Anyone else make the transition found yourself enjoying inshore more? Maybe it’s because I’ve not been offshore in a while, but seems like I’m enjoying inshore better. Don’t get me wrong, I love what offshore has to offer, but it sure is a lot of work these days


----------



## Skram (Feb 8, 2019)

Gary240 said:


> Anyone else make the transition found yourself enjoying inshore more? Maybe it’s because I’ve not been offshore in a while, but seems like I’m enjoying inshore better. Don’t get me wrong, I love what offshore has to offer, but it sure is a lot of work these days


I definitely agree. I won't turn down an opportunity to get offshore on friends boats, but inshore is cheaper and much less exhausting. Picked up fly a few years back and it reignited my passion for inshore fishing.


----------



## Coffeyonthefly (Mar 20, 2019)

I lived in Hawaii and did a lot of Billfish and Tuna fishing. I used to enjoy it but honestly now I would much rather sight fish. Bottom fishing has just never been my thing. I guess I’m getting old.


----------



## Gary240 (Jul 5, 2021)

Skram said:


> I definitely agree. I won't turn down an opportunity to get offshore on friends boats, but inshore is cheaper and much less exhausting. Picked up fly a few years back and it reignited my passion for inshore fishing.

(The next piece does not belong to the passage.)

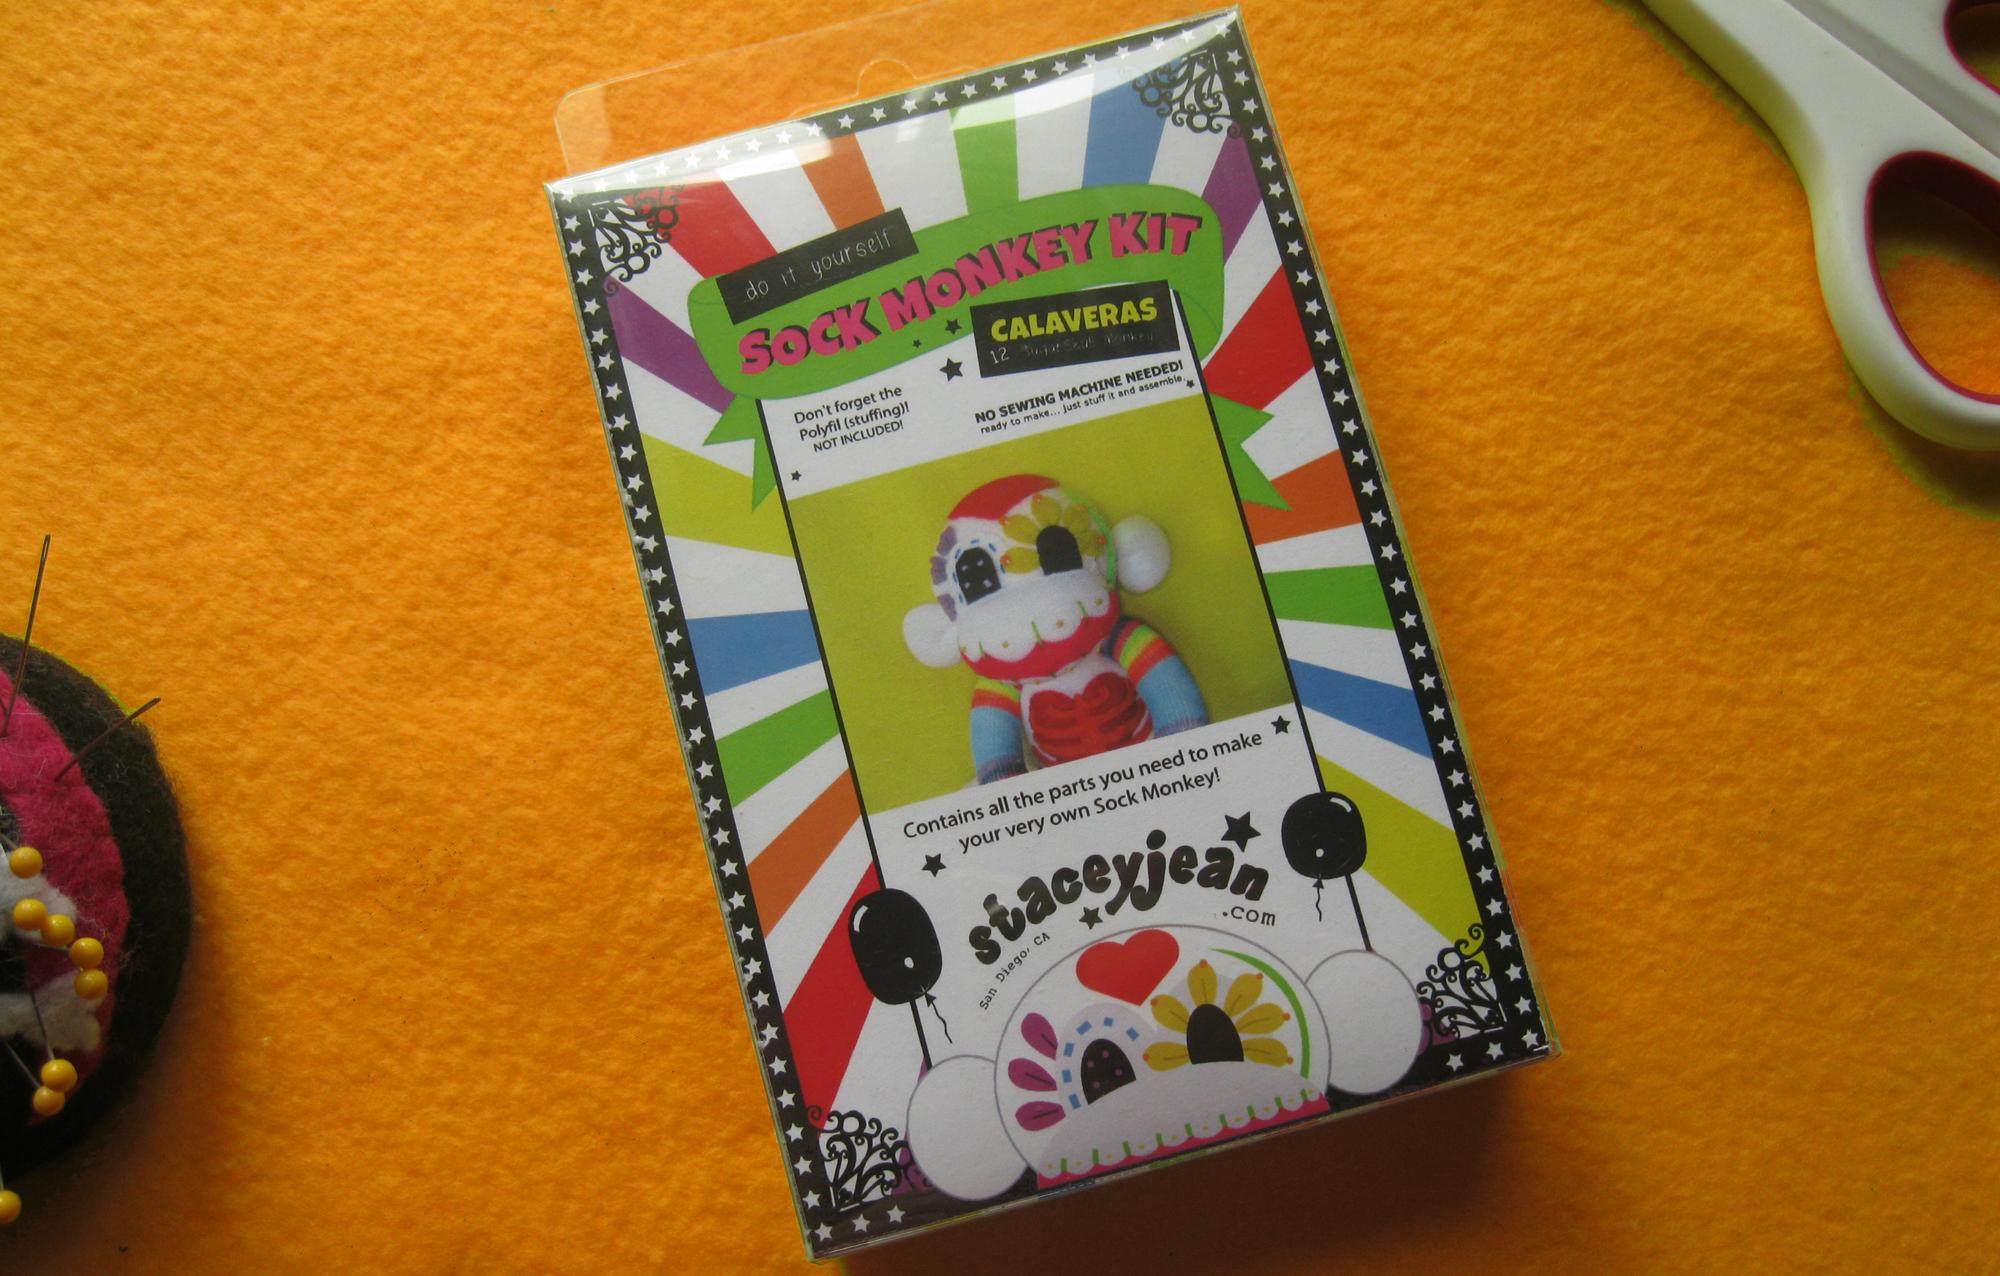 Rainbow Sugar Skull Sock Monkey Diy Kit White Body Plush Doll Make It Yourself No Sewing Machine Needed!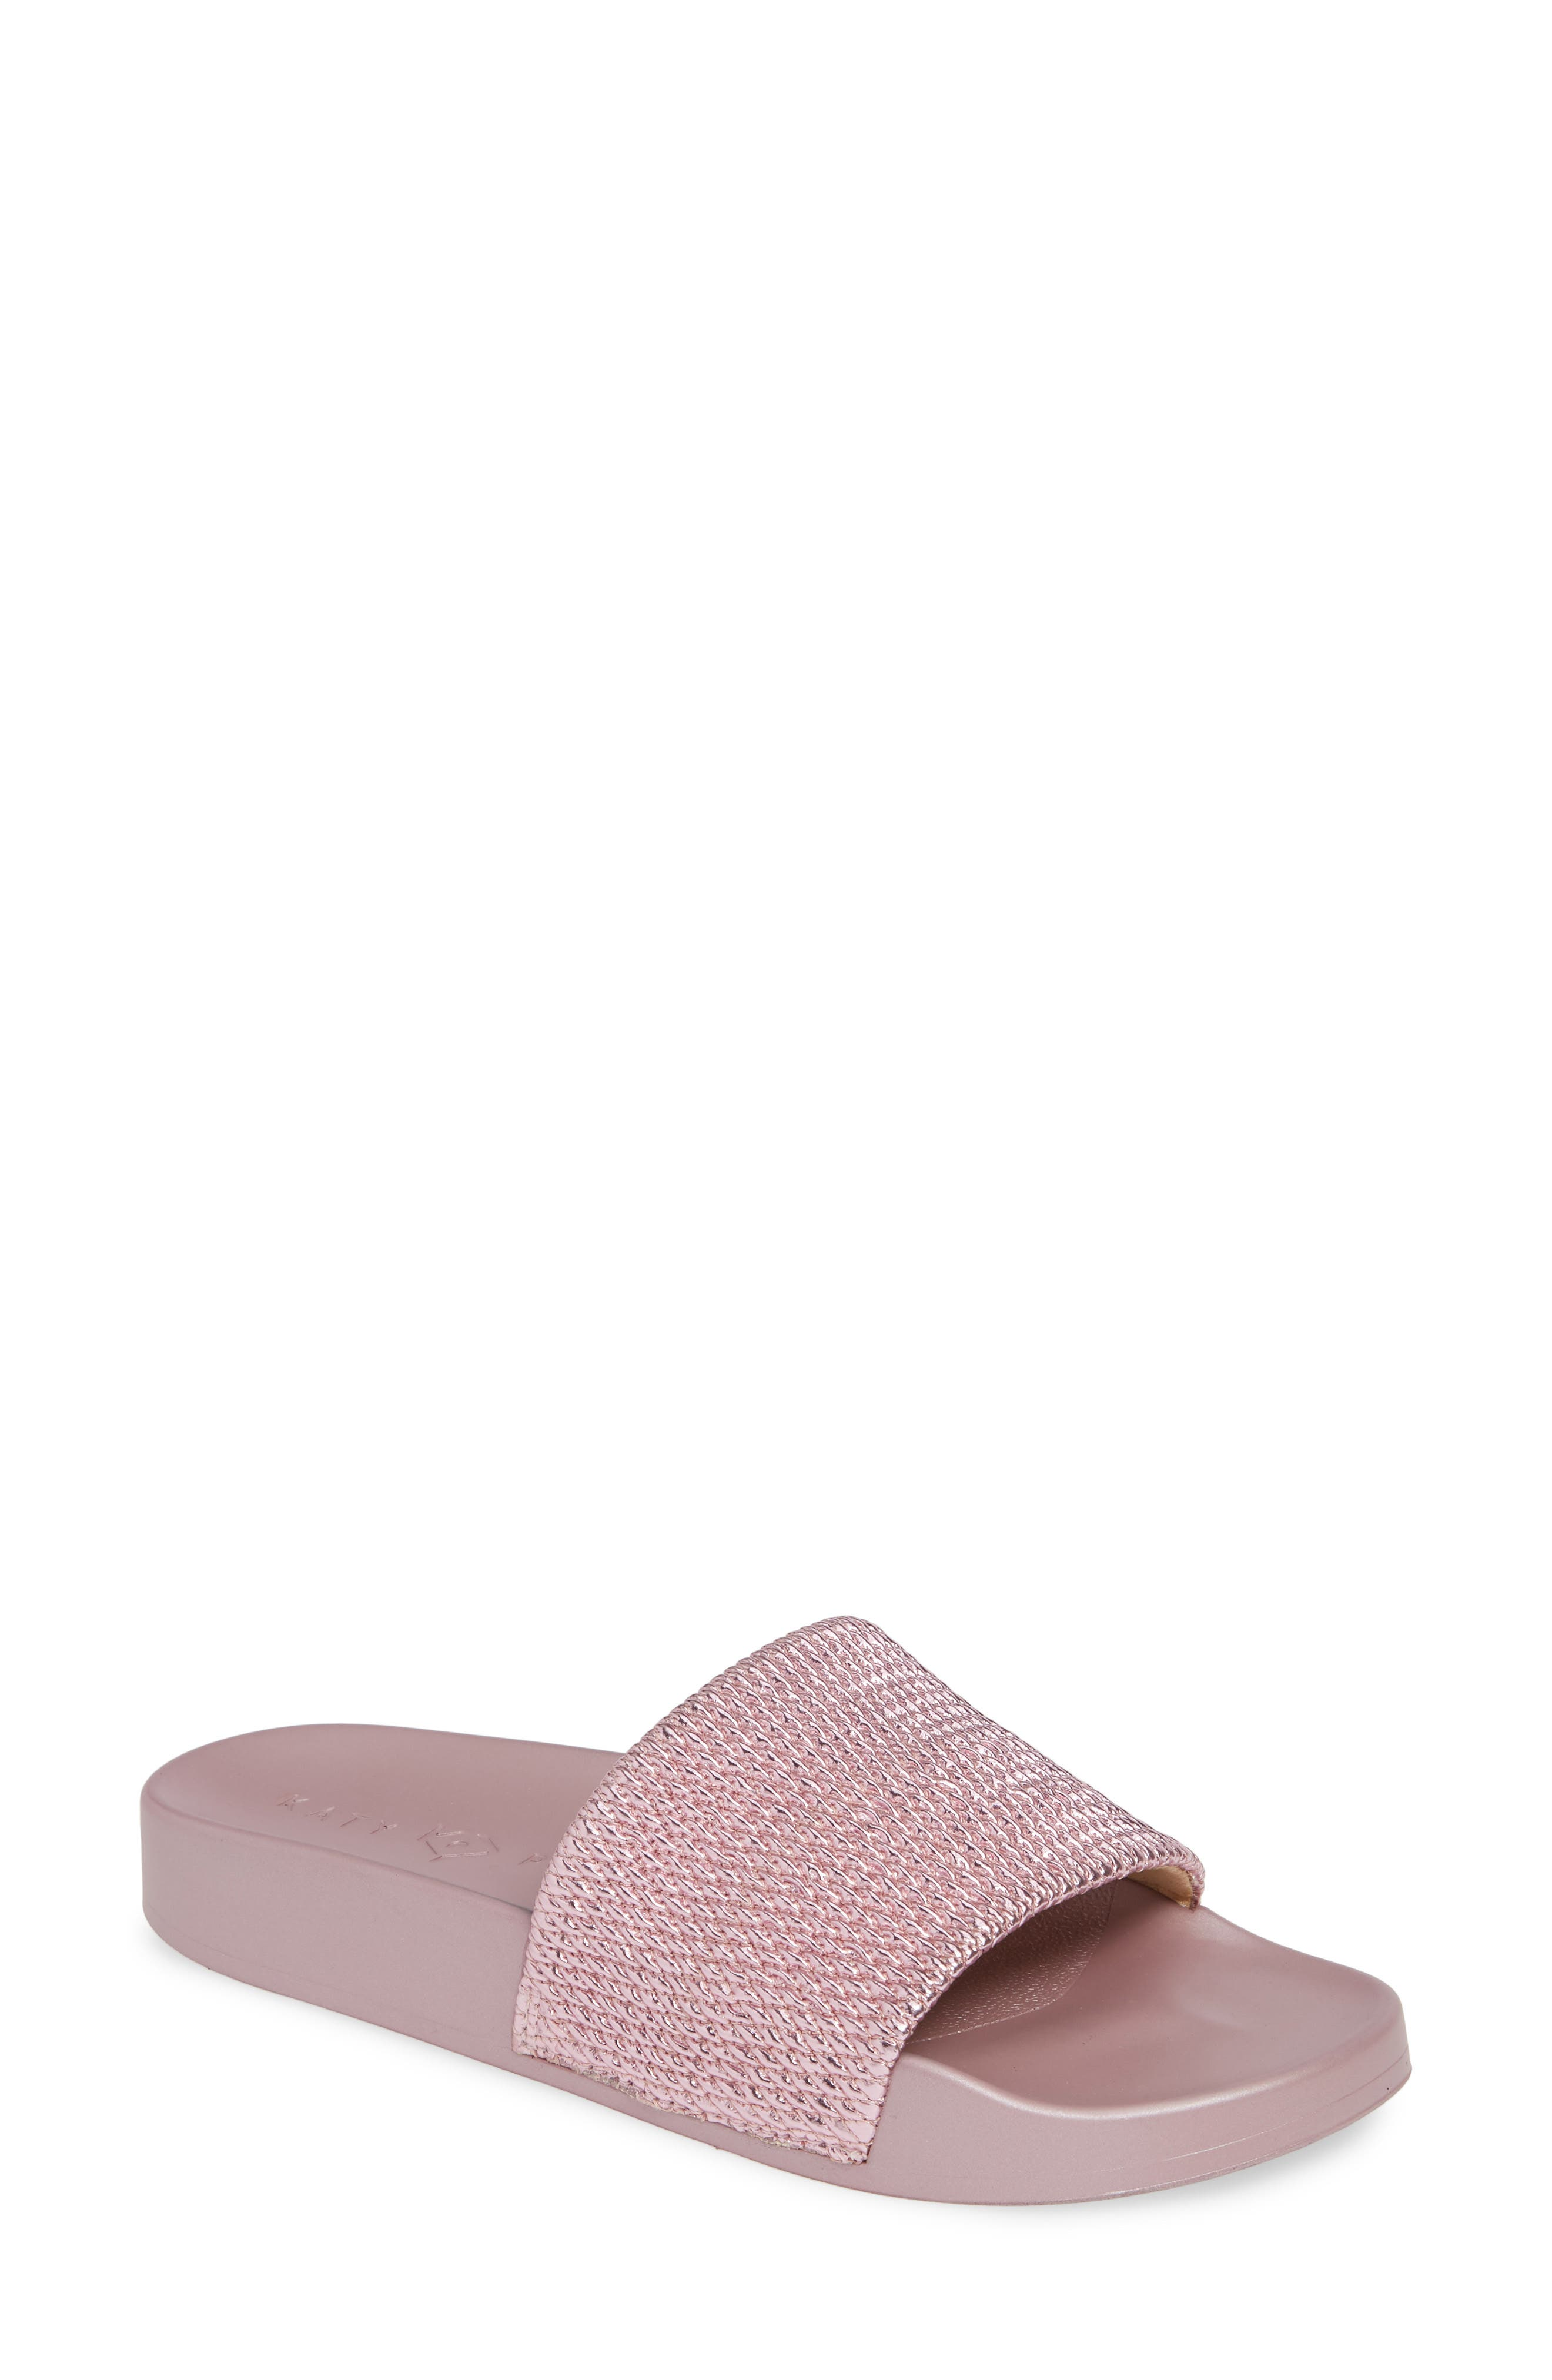 women's katy perry the jimmi slide sandal, size 11 m - purple

I eventually want to learn fly fishing. Having a blast sharpening my inshore skills at the moment. 


Coffeyonthefly said:


> I lived in Hawaii and did a lot of Billfish and Tuna fishing. I used to enjoy it but honestly now I would much rather sight fish. Bottom fishing has just never been my thing. I guess I’m getting old.


Coffeyonthefly - Yeah, bottom fishing has never been my thing either.


----------



## kwood (Oct 17, 2012)

Funny how it works....I'm finding my self going in the opposite direction.


----------



## Gary240 (Jul 5, 2021)

kwood said:


> Funny how it works....I'm finding my self going in the opposite direction.


I think the trick is to have a boat for each activity 😄


----------



## BrainlessBoater (Feb 18, 2018)

I like inshore way better, but that is because I grew up fishing inshore with my dad and uncle so those memories are dear to me.


----------